Air gaps are high-latency Internet connections.

icecream-guy

#32
Quote from: deanwebb on May 05, 2015, 11:17:36 AM
True, true. But that may be what we have to do, given how there's such a massive demand... and it's not like lots of money attracts people to a job. There are unfilled jobs in R&S, just as in security, but people leave off of a networking career because "it's hard" and "there seems to be lots of math".

so rather than it's being hard,  they are going to reverse engineer some malware, to determine what it's actually doing?
is that _not hard_?  I've never done it. so I don't know if it's hard or not. Ya really gotta be a detective and really good at puzzles.  I See the demand,  I also see the workload,  for myself I don't want to go down that road.

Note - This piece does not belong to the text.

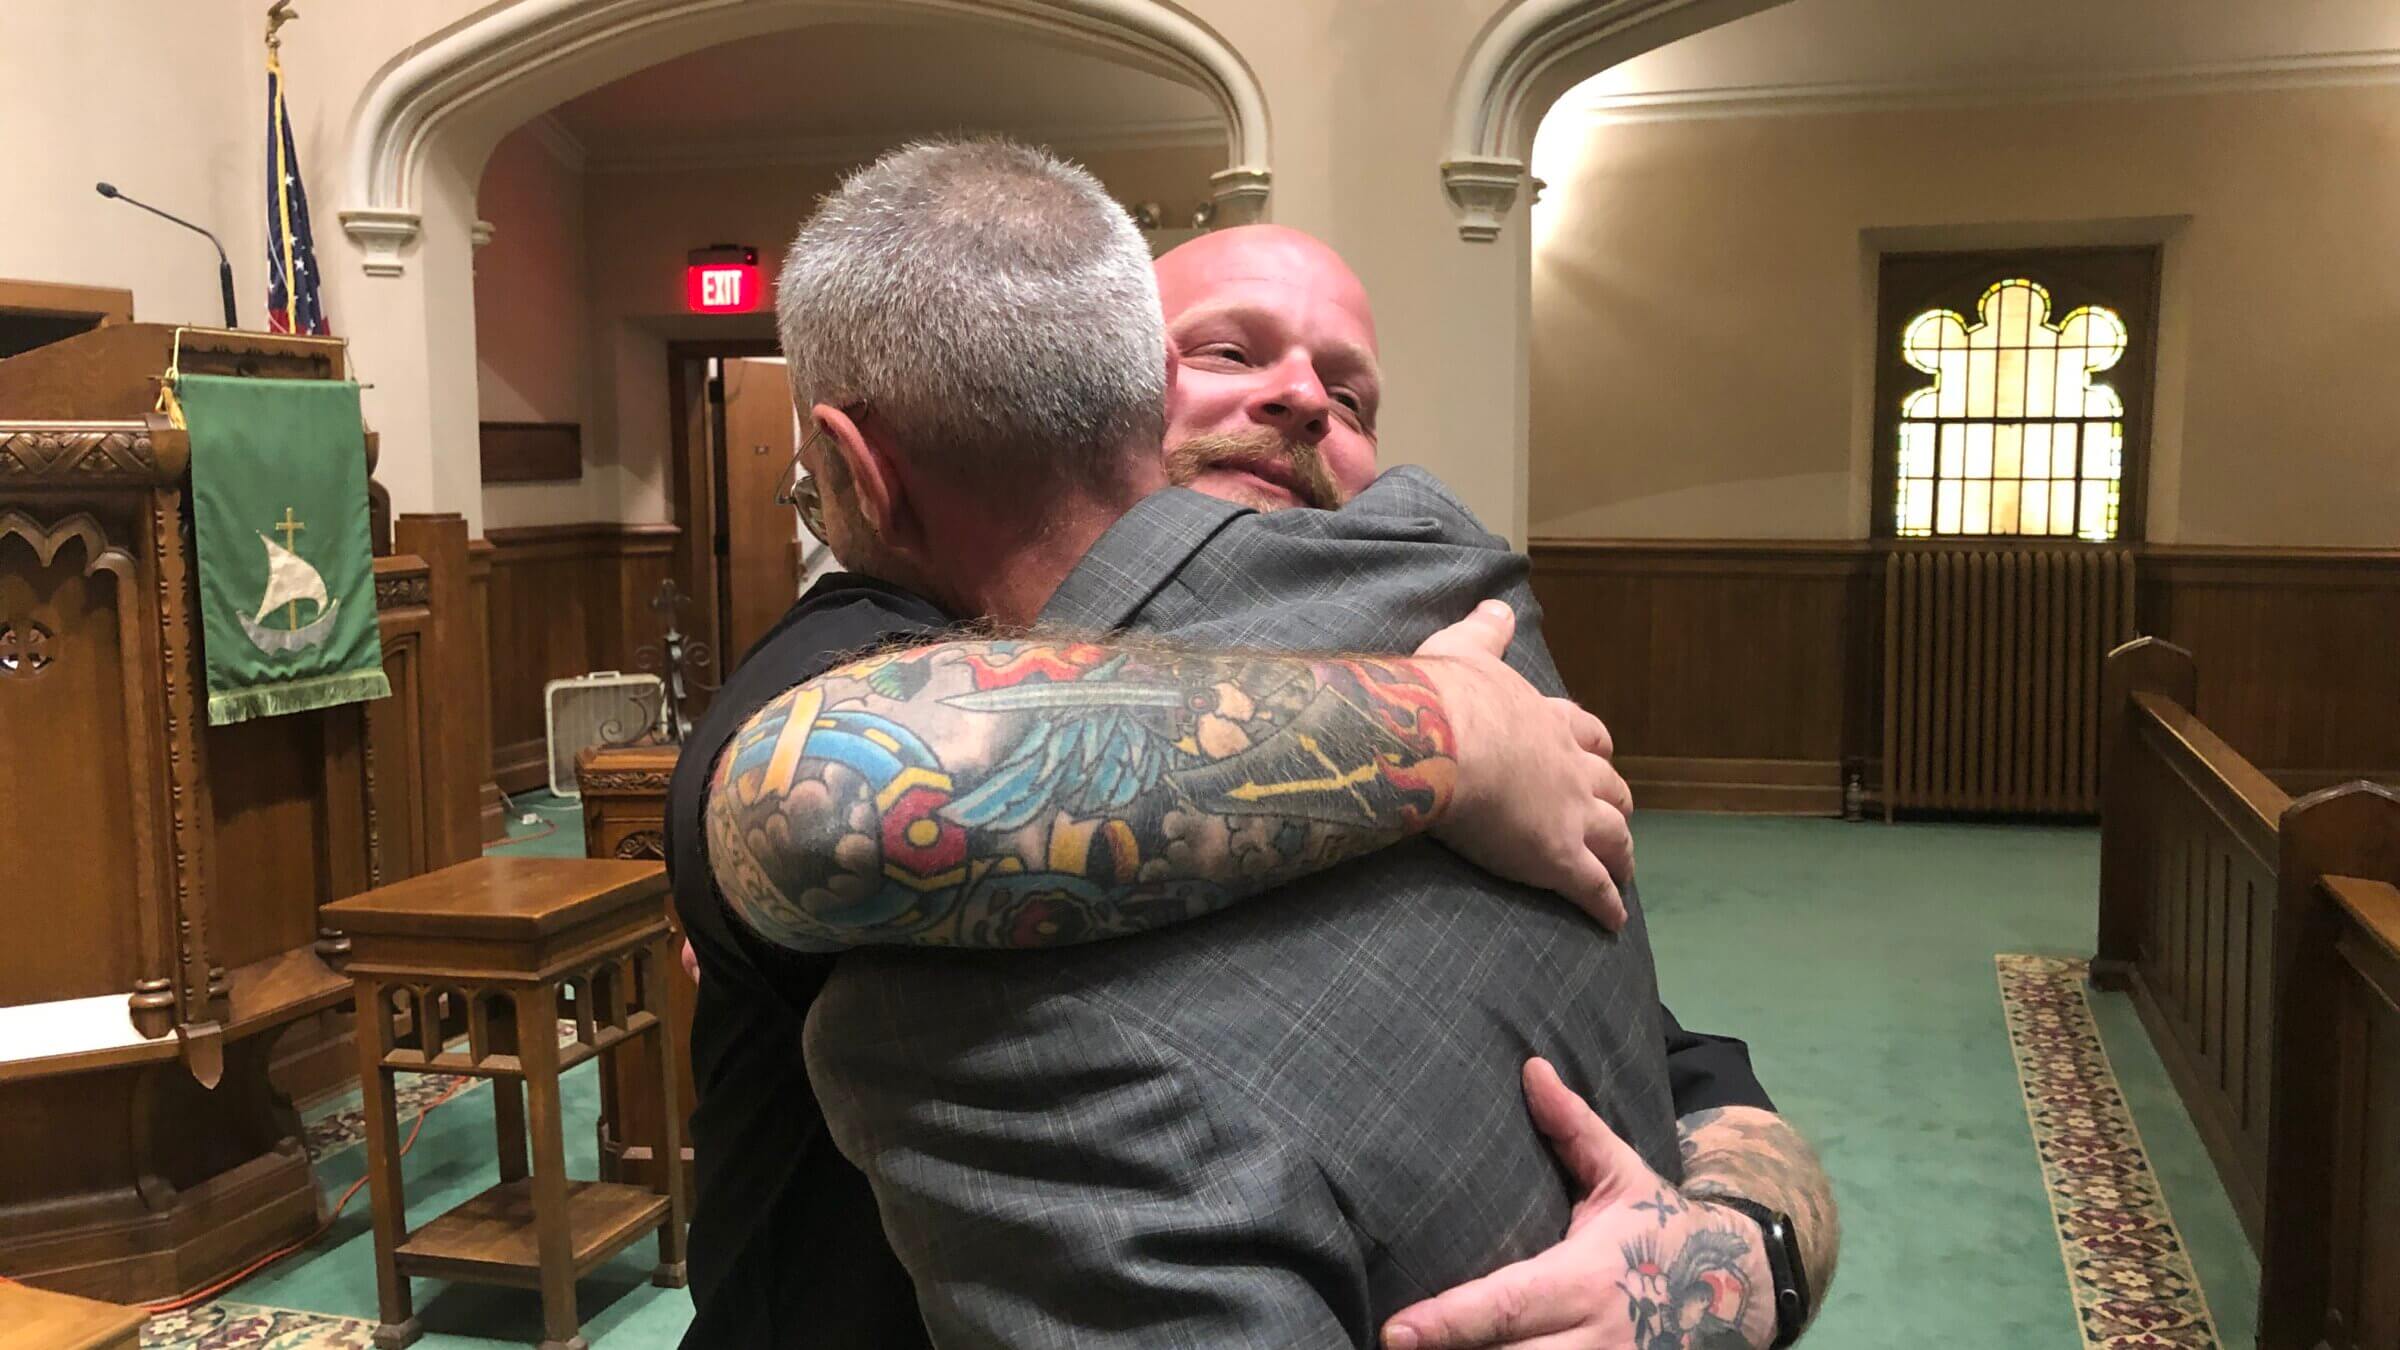 The Rev. Quincy Worthington of the Highland Park Presbyterian Church, hugs event co-planner the Rev. Bryan Cones of Trinity Episcopal Church at the conclusion of the inter-religious community vigil Tuesday night.

I'm quite happy working with Cisco announcements, CVE's, Nessus scans, to determine vulnerabilities on my devices, analyzing the announcements, and verifying devices and configs to determine if the device is actually vulnerable, looking at services, mitigating, or reading release notes, doing bug searches, downloading, testing, staging new code,  scheduling outages, sending notifications, performing IOS upgrades, and verifying that the device is no longer vulnerable.   This keeps me quite busy. It one of my major tasks here where I work, by default, because nobody else wants to do it.  but I enjoy it. but that's as deep into security as I really desire to go.  it's alot of work, especially these days with the number of Cisco advisories that are being updated every few days.  But this is a great way for someone to get their feet wet, before moving into the hardcore security analyst position.

'
:professorcat:

My Moral Fibers have been cut.

deanwebb

Quote
because nobody else wants to do it

Honestly, I wonder how much I can get away with because it'll be so hard finding my replacement... but my sense of professional pride keeps me from exploring that temptation.
Take a baseball bat and trash all the routers, shout out "IT'S A NETWORK PROBLEM NOW, SUCKERS!" and then peel out of the parking lot in your Ferrari.
"The world could perish if people only worked on things that were easy to handle." -- Vladimir Savchenko
Вопросы есть? Вопросов нет! | BCEB: Belkin Certified Expert Baffler | "Plan B is Plan A with an element of panic." -- John Clarke
Accounting is architecture, remember that!
Air gaps are high-latency Internet connections.